- _Excerpts from a dataset_:

•••

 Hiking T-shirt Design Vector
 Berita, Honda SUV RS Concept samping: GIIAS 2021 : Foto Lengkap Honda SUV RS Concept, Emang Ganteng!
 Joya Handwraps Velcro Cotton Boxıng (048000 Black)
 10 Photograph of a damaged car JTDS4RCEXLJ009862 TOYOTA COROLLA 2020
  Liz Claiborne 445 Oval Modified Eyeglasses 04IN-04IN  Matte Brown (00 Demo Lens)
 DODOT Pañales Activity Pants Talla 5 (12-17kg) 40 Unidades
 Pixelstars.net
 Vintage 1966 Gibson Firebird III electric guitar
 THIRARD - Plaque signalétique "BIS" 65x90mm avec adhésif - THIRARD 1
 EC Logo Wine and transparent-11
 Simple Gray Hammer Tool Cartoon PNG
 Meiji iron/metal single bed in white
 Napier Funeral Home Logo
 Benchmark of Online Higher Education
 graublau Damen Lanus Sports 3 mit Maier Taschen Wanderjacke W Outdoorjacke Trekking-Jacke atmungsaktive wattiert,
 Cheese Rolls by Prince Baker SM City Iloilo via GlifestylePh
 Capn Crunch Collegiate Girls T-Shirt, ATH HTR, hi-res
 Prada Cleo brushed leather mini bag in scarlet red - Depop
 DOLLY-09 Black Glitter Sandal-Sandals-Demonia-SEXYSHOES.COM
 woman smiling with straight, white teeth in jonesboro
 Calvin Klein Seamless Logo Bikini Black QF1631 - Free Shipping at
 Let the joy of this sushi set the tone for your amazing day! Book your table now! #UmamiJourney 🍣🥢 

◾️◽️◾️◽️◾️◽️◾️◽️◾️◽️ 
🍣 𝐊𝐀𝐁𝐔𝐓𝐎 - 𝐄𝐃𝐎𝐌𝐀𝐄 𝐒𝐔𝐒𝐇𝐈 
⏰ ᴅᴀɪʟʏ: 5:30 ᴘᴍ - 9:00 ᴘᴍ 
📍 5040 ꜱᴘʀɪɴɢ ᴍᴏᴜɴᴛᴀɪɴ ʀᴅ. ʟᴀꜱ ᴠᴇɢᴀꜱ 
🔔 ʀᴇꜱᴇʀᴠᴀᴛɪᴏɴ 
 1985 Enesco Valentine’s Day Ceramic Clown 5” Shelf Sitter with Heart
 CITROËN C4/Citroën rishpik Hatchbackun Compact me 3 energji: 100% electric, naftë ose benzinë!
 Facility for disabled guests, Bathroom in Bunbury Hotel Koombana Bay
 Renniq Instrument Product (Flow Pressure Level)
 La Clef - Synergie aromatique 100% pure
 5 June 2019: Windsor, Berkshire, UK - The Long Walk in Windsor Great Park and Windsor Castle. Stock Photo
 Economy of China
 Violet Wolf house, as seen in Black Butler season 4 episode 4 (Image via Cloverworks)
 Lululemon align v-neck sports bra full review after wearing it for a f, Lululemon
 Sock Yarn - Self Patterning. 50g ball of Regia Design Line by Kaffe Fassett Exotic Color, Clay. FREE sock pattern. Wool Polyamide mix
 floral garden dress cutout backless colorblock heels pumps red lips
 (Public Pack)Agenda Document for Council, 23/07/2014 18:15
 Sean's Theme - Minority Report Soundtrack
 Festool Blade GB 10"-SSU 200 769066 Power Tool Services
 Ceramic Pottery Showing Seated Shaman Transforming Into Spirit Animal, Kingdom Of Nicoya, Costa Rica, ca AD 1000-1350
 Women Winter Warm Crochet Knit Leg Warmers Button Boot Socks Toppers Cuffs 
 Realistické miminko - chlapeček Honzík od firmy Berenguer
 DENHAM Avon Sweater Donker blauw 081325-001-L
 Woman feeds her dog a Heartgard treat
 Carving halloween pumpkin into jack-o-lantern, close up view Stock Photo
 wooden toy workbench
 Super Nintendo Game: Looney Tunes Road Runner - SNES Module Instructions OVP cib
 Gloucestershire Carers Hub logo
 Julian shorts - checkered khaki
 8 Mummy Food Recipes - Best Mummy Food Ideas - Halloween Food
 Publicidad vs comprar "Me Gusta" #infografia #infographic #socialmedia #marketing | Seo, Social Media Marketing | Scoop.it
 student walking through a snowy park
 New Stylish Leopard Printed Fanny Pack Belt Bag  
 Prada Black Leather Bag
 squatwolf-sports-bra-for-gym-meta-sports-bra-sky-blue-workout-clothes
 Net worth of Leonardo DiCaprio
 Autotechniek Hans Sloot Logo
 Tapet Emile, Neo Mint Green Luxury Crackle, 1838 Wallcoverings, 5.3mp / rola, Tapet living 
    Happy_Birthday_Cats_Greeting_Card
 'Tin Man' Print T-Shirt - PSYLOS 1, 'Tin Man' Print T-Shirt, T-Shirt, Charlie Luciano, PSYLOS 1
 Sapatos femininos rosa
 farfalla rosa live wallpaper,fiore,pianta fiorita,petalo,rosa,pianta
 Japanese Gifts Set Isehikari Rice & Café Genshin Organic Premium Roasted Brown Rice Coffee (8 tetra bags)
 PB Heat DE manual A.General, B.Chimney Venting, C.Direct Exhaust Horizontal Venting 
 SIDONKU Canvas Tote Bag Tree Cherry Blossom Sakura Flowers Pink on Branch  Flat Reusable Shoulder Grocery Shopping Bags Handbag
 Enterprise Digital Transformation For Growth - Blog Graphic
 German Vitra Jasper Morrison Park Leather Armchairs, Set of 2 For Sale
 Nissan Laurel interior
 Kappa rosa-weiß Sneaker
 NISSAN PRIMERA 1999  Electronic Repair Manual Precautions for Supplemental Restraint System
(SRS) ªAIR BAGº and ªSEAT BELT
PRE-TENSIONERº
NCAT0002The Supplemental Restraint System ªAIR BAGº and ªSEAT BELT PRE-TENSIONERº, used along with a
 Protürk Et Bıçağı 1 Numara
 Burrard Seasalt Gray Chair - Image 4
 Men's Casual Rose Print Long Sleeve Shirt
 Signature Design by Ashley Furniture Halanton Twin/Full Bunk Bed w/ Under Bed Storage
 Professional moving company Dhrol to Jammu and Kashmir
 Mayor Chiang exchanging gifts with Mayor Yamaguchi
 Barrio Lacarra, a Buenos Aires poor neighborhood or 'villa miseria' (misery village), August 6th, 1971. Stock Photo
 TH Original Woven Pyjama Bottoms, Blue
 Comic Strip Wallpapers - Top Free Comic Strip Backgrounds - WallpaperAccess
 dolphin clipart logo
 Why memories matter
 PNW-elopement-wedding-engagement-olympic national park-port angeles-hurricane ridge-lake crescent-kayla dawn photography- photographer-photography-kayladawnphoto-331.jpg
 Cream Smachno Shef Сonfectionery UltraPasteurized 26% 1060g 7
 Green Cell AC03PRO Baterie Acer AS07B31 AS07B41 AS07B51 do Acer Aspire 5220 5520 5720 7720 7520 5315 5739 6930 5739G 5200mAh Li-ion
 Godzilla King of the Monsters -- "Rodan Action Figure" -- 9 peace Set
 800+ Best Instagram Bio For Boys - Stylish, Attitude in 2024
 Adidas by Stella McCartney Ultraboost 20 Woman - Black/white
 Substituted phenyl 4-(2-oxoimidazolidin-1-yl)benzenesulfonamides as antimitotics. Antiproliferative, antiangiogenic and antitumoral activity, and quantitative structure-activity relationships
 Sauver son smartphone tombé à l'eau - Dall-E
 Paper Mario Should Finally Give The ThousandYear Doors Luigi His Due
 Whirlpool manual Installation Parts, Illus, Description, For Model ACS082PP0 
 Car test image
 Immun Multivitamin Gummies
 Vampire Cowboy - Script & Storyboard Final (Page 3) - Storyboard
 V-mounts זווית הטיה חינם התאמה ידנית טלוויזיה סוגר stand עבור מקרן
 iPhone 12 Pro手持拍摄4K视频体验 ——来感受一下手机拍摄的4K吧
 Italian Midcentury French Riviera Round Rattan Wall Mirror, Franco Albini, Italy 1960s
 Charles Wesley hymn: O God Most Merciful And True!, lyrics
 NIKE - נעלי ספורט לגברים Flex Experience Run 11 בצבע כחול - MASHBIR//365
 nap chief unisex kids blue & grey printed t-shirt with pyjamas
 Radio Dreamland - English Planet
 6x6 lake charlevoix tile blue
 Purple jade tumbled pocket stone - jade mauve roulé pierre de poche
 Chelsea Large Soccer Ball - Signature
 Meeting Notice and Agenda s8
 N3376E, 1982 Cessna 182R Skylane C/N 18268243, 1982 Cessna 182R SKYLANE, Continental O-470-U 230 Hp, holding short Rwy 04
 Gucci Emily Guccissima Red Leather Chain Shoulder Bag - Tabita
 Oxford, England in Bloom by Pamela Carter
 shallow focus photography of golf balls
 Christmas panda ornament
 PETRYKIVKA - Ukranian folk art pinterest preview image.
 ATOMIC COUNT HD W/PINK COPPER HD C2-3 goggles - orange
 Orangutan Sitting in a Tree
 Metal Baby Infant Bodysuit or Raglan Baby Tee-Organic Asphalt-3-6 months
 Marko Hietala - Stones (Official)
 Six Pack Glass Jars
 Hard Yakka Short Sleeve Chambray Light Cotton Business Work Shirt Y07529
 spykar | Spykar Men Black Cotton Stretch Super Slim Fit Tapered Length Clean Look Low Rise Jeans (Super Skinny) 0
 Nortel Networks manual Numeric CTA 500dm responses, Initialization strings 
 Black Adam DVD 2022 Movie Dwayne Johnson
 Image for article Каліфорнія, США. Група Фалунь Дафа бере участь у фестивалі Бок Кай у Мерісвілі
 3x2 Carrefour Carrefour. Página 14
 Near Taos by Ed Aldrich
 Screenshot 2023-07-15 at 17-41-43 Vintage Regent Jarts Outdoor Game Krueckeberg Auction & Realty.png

•••

- _WORK INSTRUCTIONS_: Return every line holding the word "Game" from the records.

- _EXERCISE ANSWER_:
 Super Nintendo Game: Looney Tunes Road Runner - SNES Module Instructions OVP cib
 Screenshot 2023-07-15 at 17-41-43 Vintage Regent Jarts Outdoor Game Krueckeberg Auction & Realty.png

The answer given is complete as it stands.